Can't IMMSv subscribe for IMMND dests?
Thanks,
Mathi.

> -----Original Message-----
> From: Anders Björnerstedt [mailto:[email protected]]
> Sent: Thursday, July 18, 2013 5:30 PM
> To: Neelakanta Reddy; praveen malviya
> Cc: [email protected]
> Subject: Re: [devel] Early patch for #501 for review/testing (was Re: #501
> amf: No node directors register to AMF within time after "#7 cleanup instead
> of terminate used at component restart")
> 
> Sounds like you could have needed to use the "continuationId" parameter to
> saImmOmAdminOperationInvoke().
> Unfortunately this A.2.1 feature is not yet implemented in the immsv.
> 
> https://sourceforge.net/p/opensaf/tickets/51/
> 
> 
> /AndersBj
> 
> 
> -----Original Message-----
> From: Neelakanta Reddy [mailto:[email protected]]

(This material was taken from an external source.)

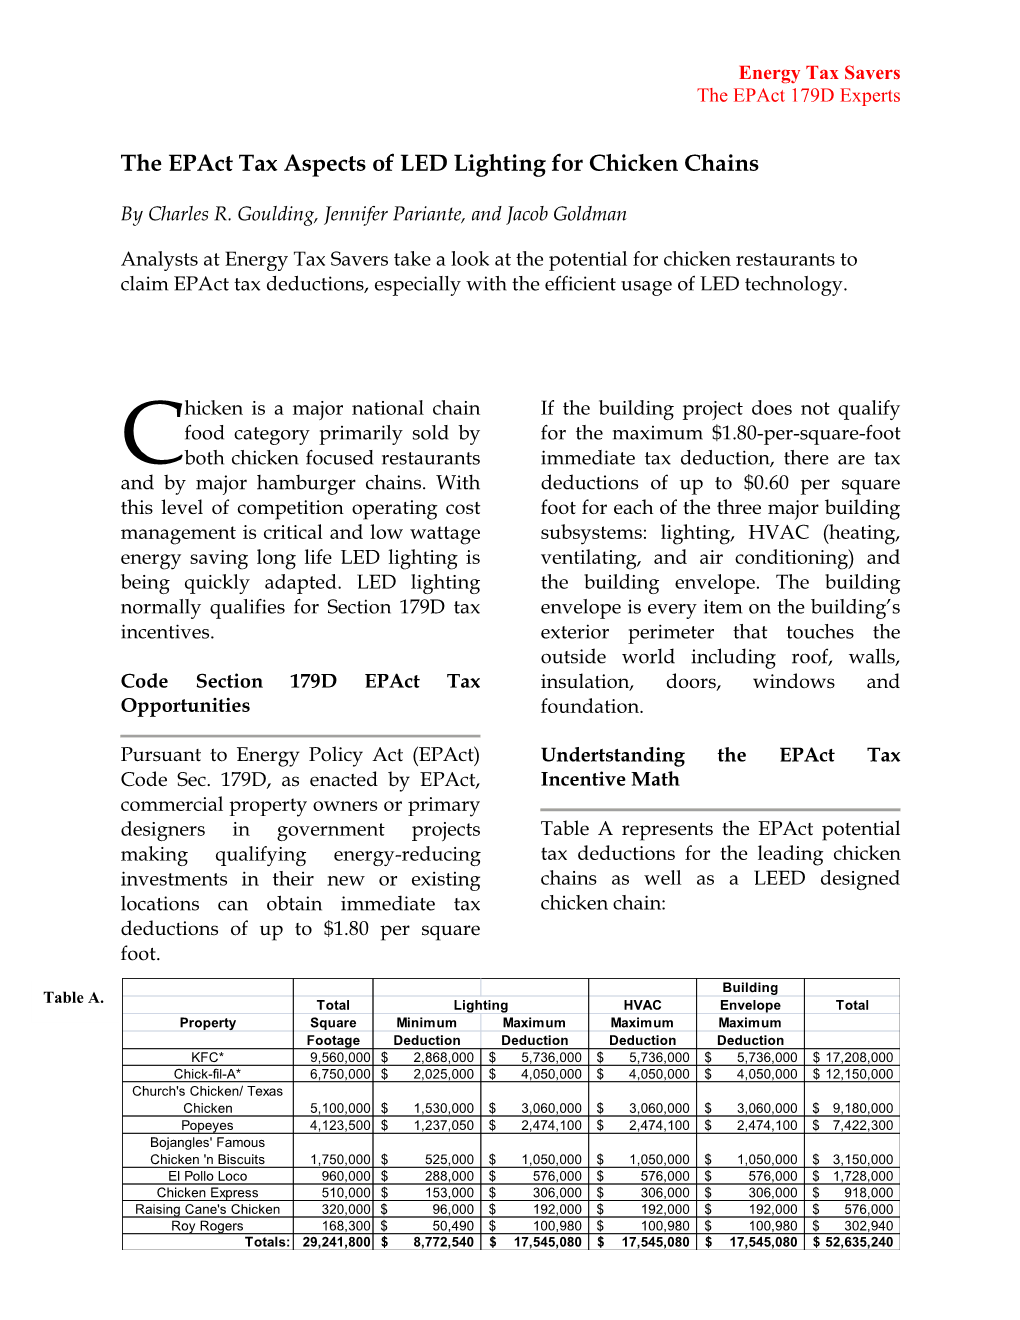 The Epact Tax Aspects of LED Lighting for Chicken Chains

> Sent: den 18 juli 2013 13:41
> To: praveen malviya
> Cc: [email protected]
> Subject: Re: [devel] Early patch for #501 for review/testing (was Re: #501
> amf: No node directors register to AMF within time after "#7 cleanup instead
> of terminate used at component restart")
> 
> HI Mathi/Praveen,
> 
> I misunderstood, the flow of admin operation related to the component.
> 
> After analyzing the logs the following is the reason why the reply can not be
> sent:
> 
> The admin operation,to terminate IMMND is called at standby. The
> implementer is the active amfd.
> 
> The active amfd sends the admin operation result to local active IMMND,
> active IMMND tries to send the result to the IMMND(standby) where the
> admin operation is called, the mds adest that is stored in the active IMMND is
> the adest of the old IMMND(standby).
> 
> Because of this the following error message will come at the active
> controller:
> 
> ER Problem in sending to peer IMMND over MDS. Discarding admin op reply.
> 
> 
> Thanks,
> Neel.
> On Thursday 18 July 2013 04:52 PM, praveen malviya wrote:
> > Hi,
> > For restart admin on any component AMFD sends admin operation
> message
> > to corresponding AMFND.
> > AMFND will restart the component. When the operation will be in
> > progress presence state of the component will transition from
> > INSTANTIATED to  RESTARTING and then from RESTARTING to
> INSTANTIATED.
> > AMFND updates presence state to AMFD whenever it changes,  but AMFD
> > will respond to IMM for the completion of operation only when
> > component presence state becomes INSTANTIATED.
> >
> > Thanks,
> > Praveen.
> > On 17-Jul-13 7:09 PM, Neelakanta Reddy wrote:
> >> Hi Mathi,
> >>
> >> After giving the terminate message to local amnfnd, amfd immediately
> >> sends the admin operation result.
> >>
> >> The amfnd sends the message to the IMMND, the IMMND is processing
> in
> >> the immnd_amf_comp_terminate_callback, which will terminate IMMND.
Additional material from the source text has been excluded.